Exercise data below:

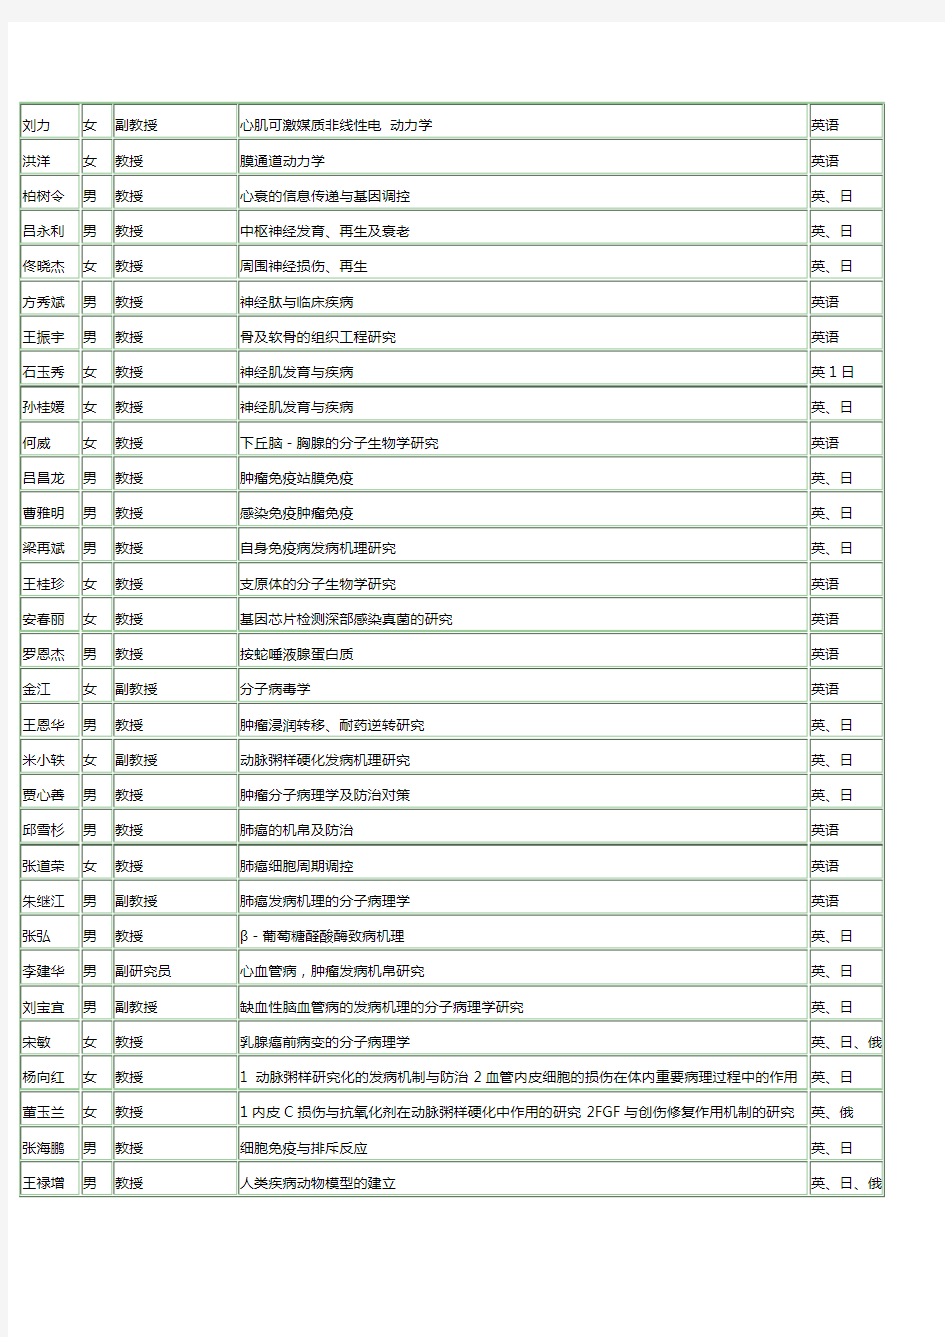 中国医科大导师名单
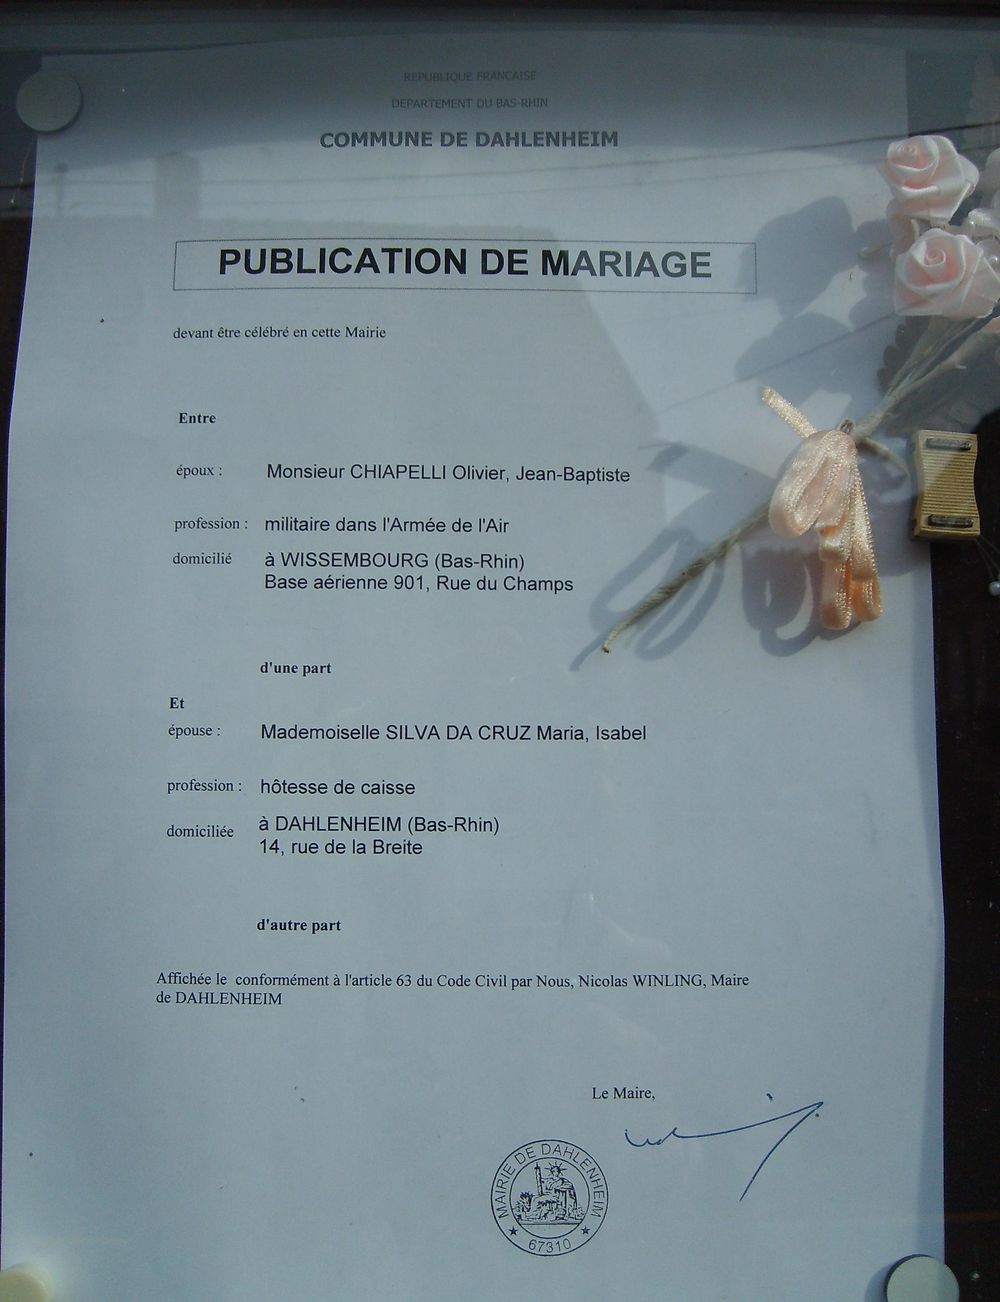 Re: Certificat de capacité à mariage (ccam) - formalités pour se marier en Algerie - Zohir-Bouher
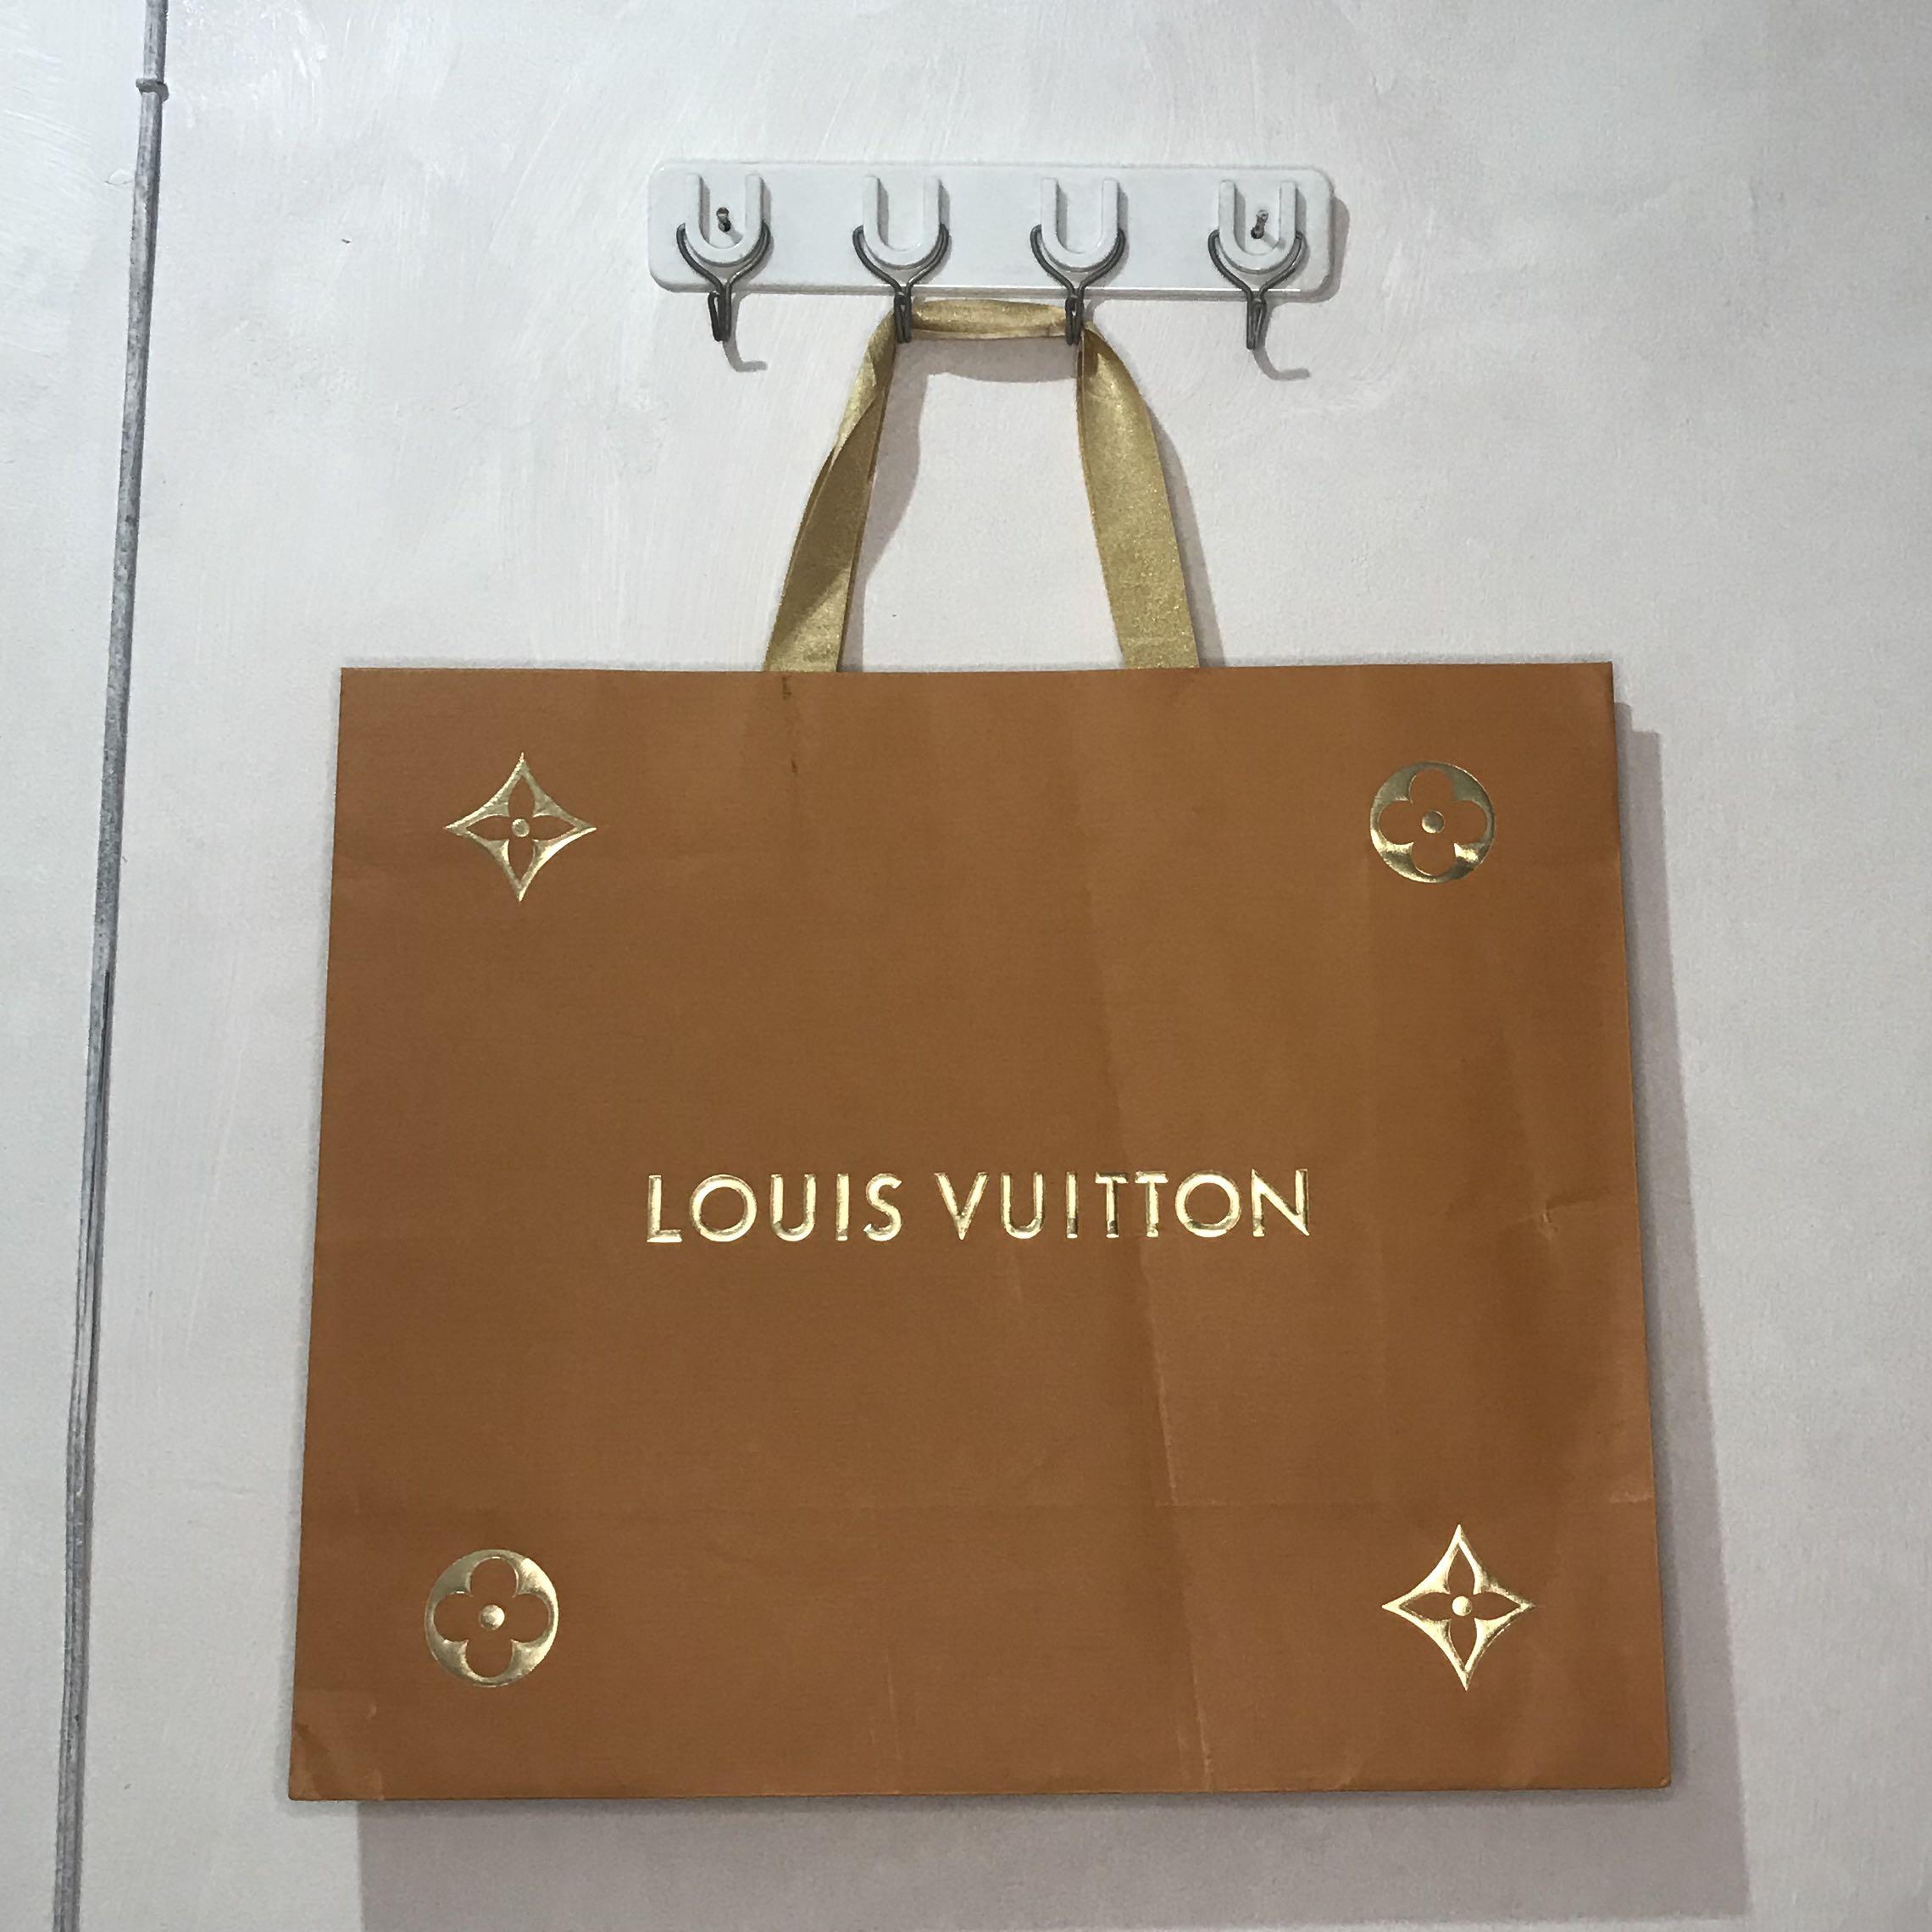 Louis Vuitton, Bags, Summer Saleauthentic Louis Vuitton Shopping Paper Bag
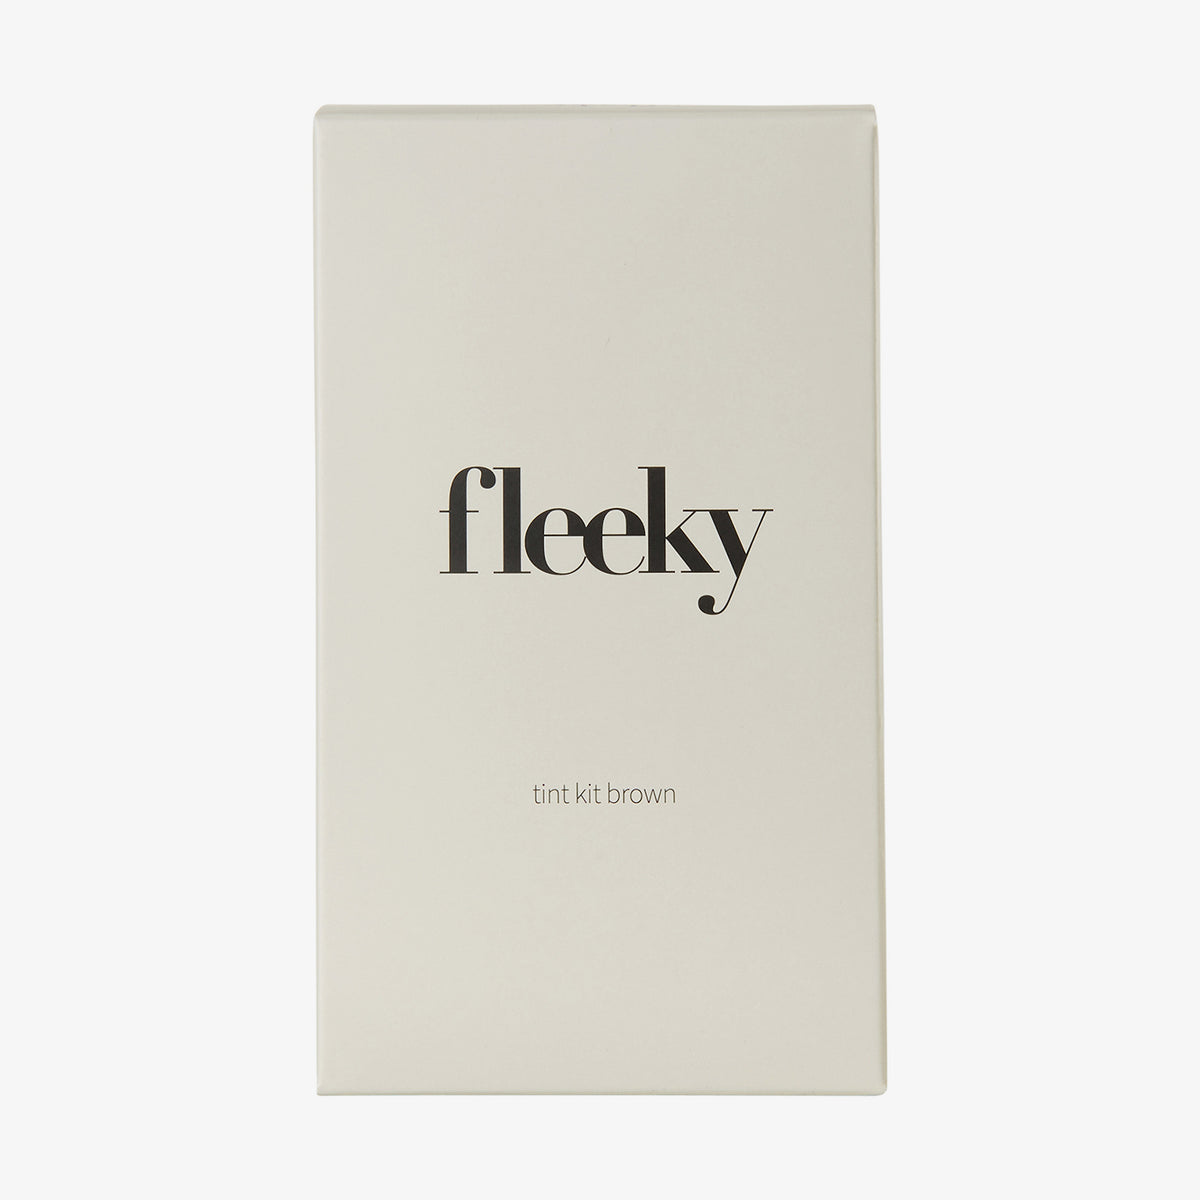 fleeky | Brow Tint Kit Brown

End of Exercise data.

Output the material above word for word. Leave out its images.

 中国医科大导师名单
 Re: Certificat de capacité à mariage (ccam) - formalités pour se marier en Algerie - Zohir-Bouher
 Louis Vuitton, Bags, Summer Saleauthentic Louis Vuitton Shopping Paper Bag
 fleeky | Brow Tint Kit Brown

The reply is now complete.